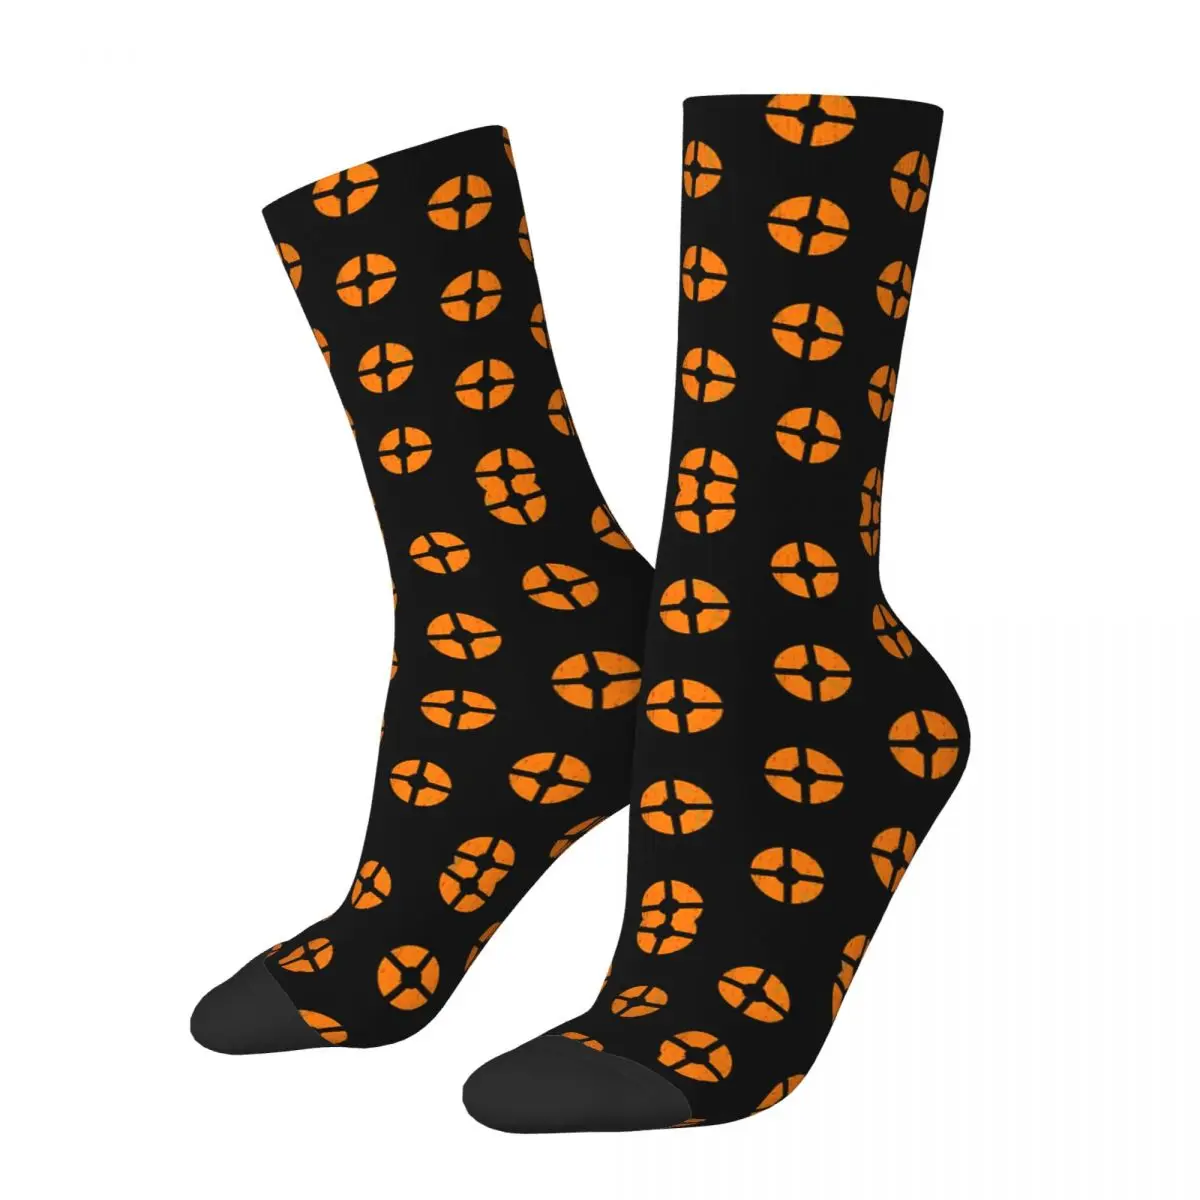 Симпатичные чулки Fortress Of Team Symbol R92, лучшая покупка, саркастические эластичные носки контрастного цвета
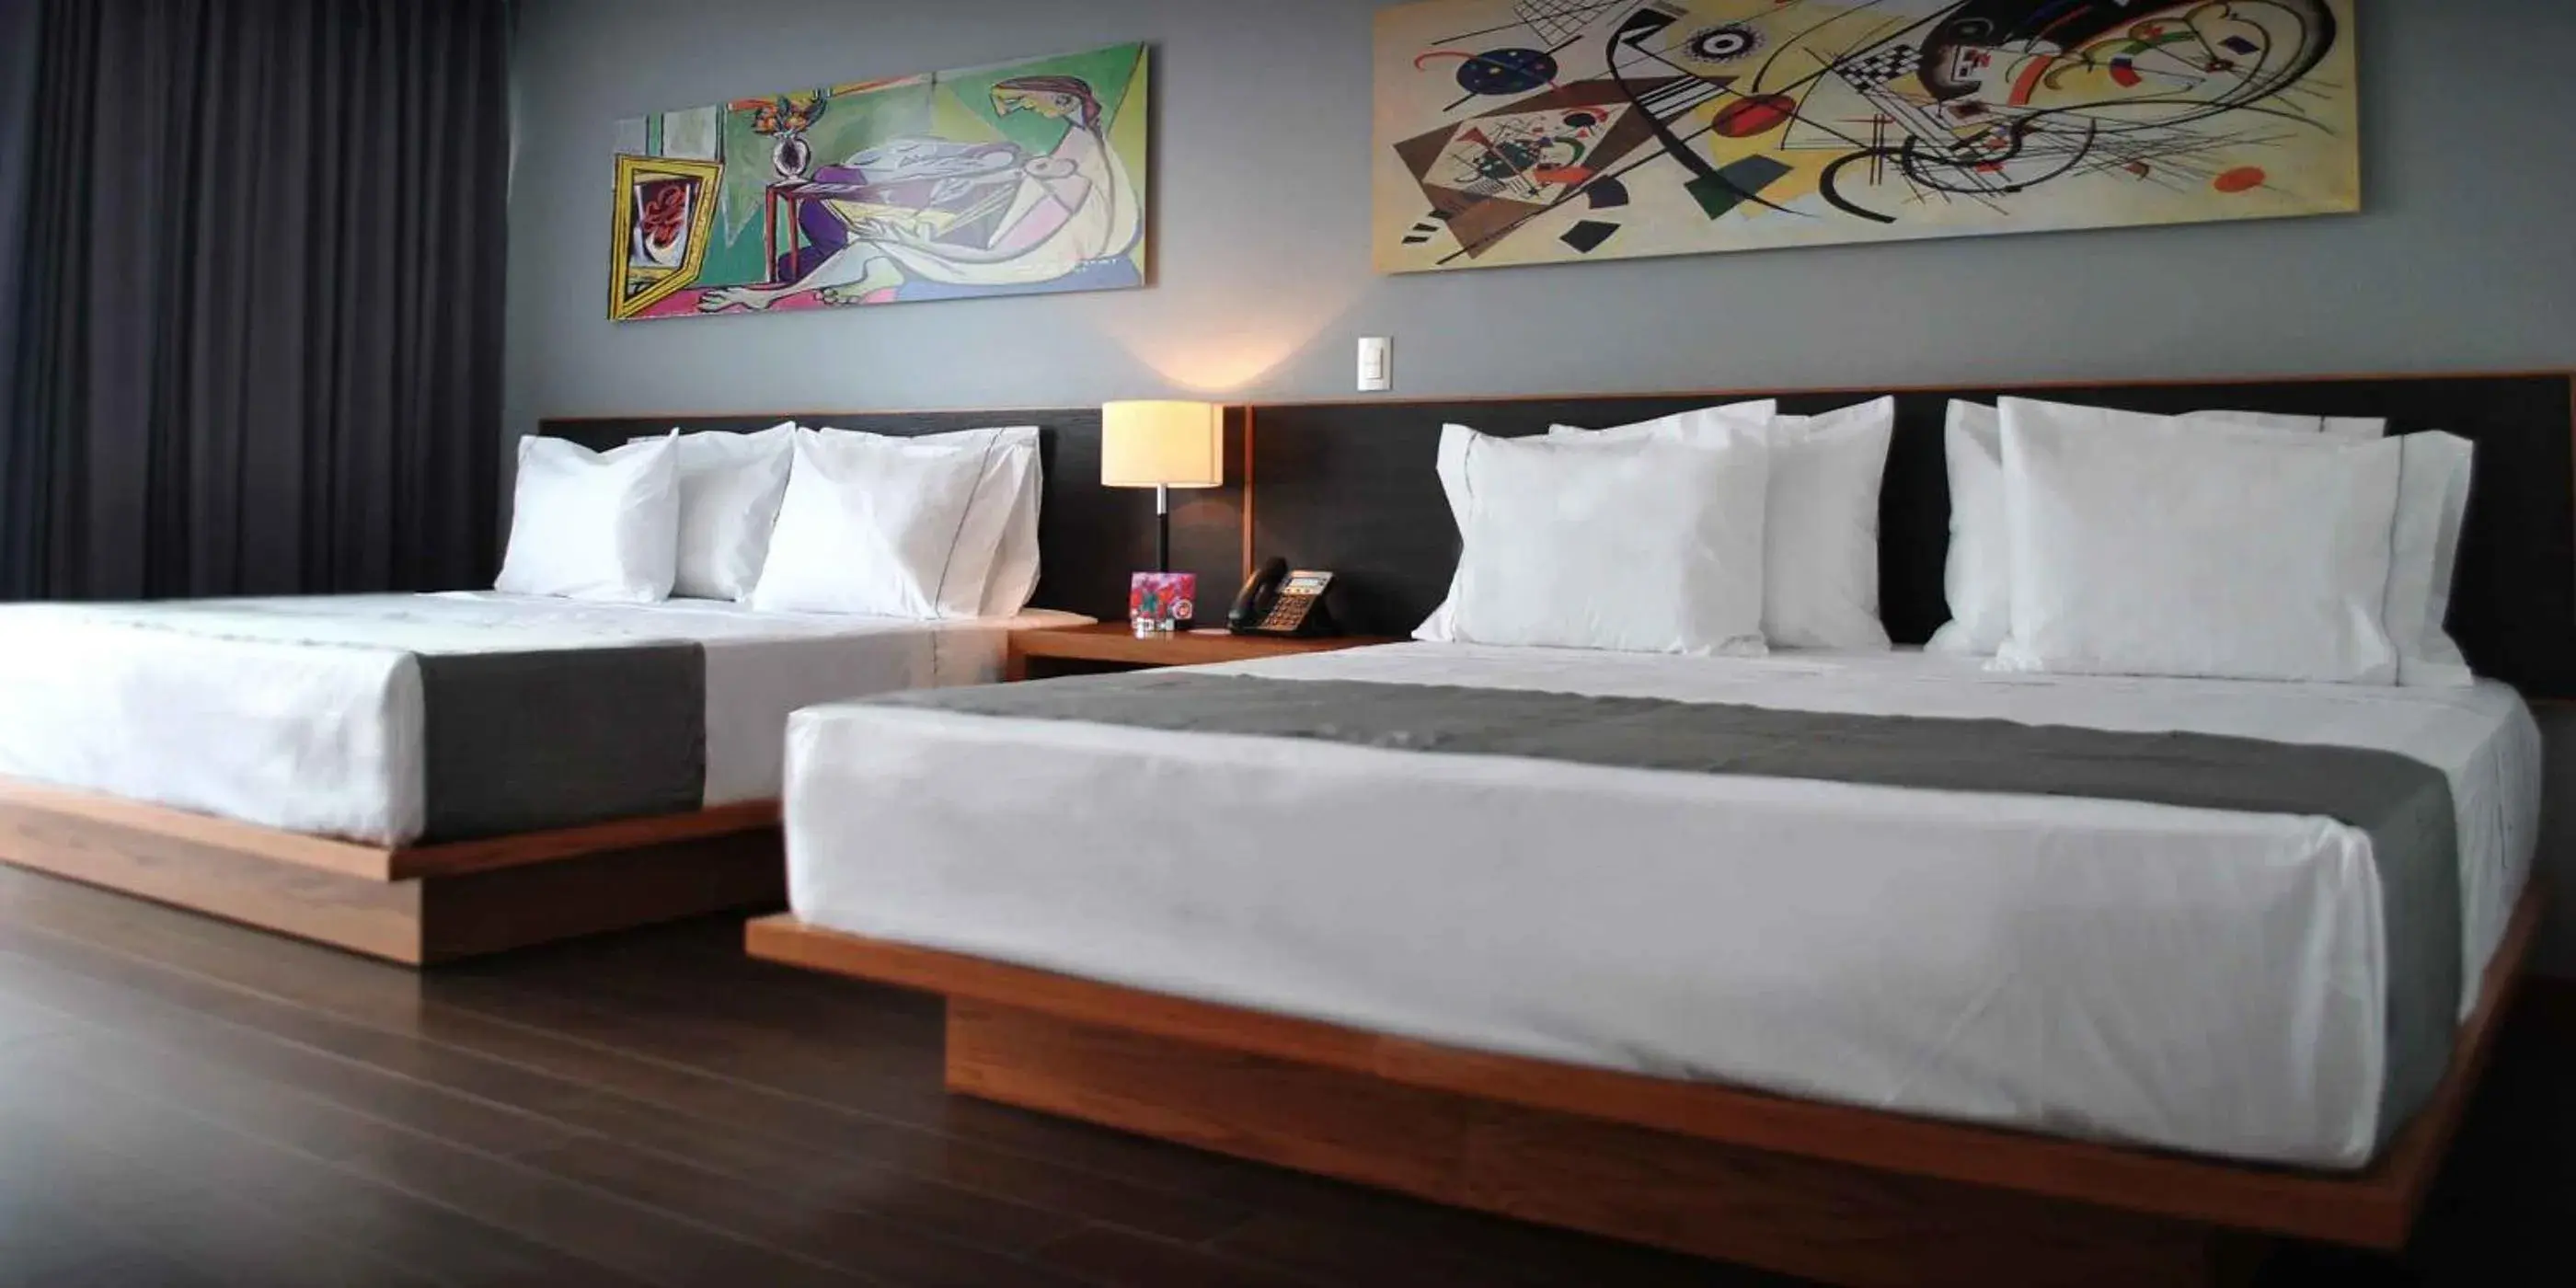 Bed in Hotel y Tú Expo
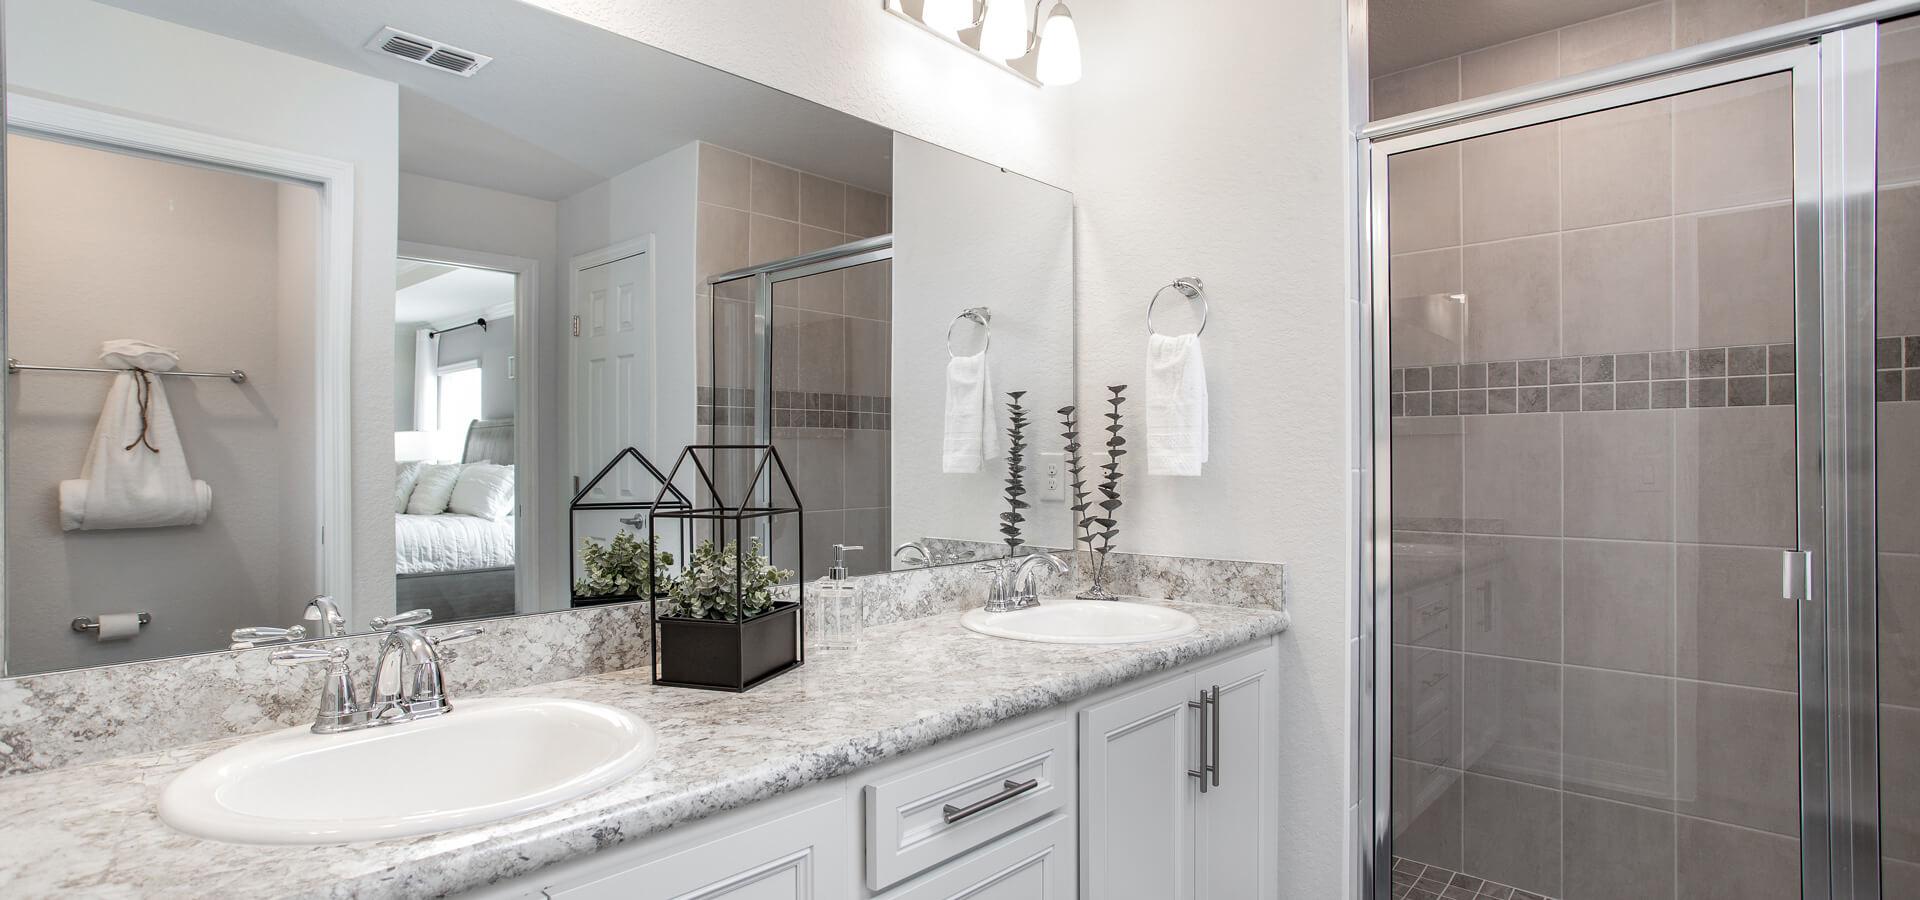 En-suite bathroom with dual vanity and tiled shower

**********

Task objective :: Return the listing above verbatim and exclude every picture.

Exercise output ::
 Симпатичные чулки Fortress Of Team Symbol R92, лучшая покупка, саркастические эластичные носки контрастного цвета
 Bed in Hotel y Tú Expo
 En-suite bathroom with dual vanity and tiled shower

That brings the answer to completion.